Thank the authors for their rebuttal.
My main concerns on lack of comparison with existing models in mRNA is addressed.
Given the authors' rebuttal and the comments from other reviewers, I guess congratulations are in order.
Dear Reviewers,
This paper receives 2 accepts and 2 borderline accepts before rebuttal. Please check if the authors have addressed your questions in the rebuttal and if you have any follow-up questions. Please read the author rebuttals, actively discuss with the authors before August 6, and finalize your scores before August 13.
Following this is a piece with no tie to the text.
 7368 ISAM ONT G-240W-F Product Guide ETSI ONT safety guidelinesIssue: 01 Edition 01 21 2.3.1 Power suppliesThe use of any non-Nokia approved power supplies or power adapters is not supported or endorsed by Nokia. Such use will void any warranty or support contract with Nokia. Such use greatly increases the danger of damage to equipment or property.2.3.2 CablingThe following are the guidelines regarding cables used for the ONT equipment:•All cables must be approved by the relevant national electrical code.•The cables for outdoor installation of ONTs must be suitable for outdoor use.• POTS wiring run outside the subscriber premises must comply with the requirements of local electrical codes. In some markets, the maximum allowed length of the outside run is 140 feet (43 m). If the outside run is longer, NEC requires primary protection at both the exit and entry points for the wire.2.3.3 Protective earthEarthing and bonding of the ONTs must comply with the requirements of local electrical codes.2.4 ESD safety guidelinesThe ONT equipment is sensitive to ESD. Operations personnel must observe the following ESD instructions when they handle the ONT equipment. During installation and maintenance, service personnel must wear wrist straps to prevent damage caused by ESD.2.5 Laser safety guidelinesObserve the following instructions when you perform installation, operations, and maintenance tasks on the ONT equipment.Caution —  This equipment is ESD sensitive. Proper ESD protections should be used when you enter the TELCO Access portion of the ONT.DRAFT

Thank you for your contribution to the reviewing process!
Best regards,
Area Chair
This work introduces Equi‑mRNA, the first codon‑level equivariant mRNA language model that explicitly encodes synonymous codon symmetries as cyclic subgroups of 2D Special Orthogonal matrix (SO(2)). The effectiveness is validated through extensive experiments. Reviewers recognize the merits of the paper including novel and principled method, as well as extensive experimental validation. The weaknesses include lack of comparison with existing mRNA foundation models, oversimplified assumptions for models, model scalability, experiment settings and results. The weaknesses and questions proposed by reviewers are addressed in the rebuttal by more experiments and clarifications, and all reviewers are satisfied with this work. Therefore, AC recommends accepting this paper.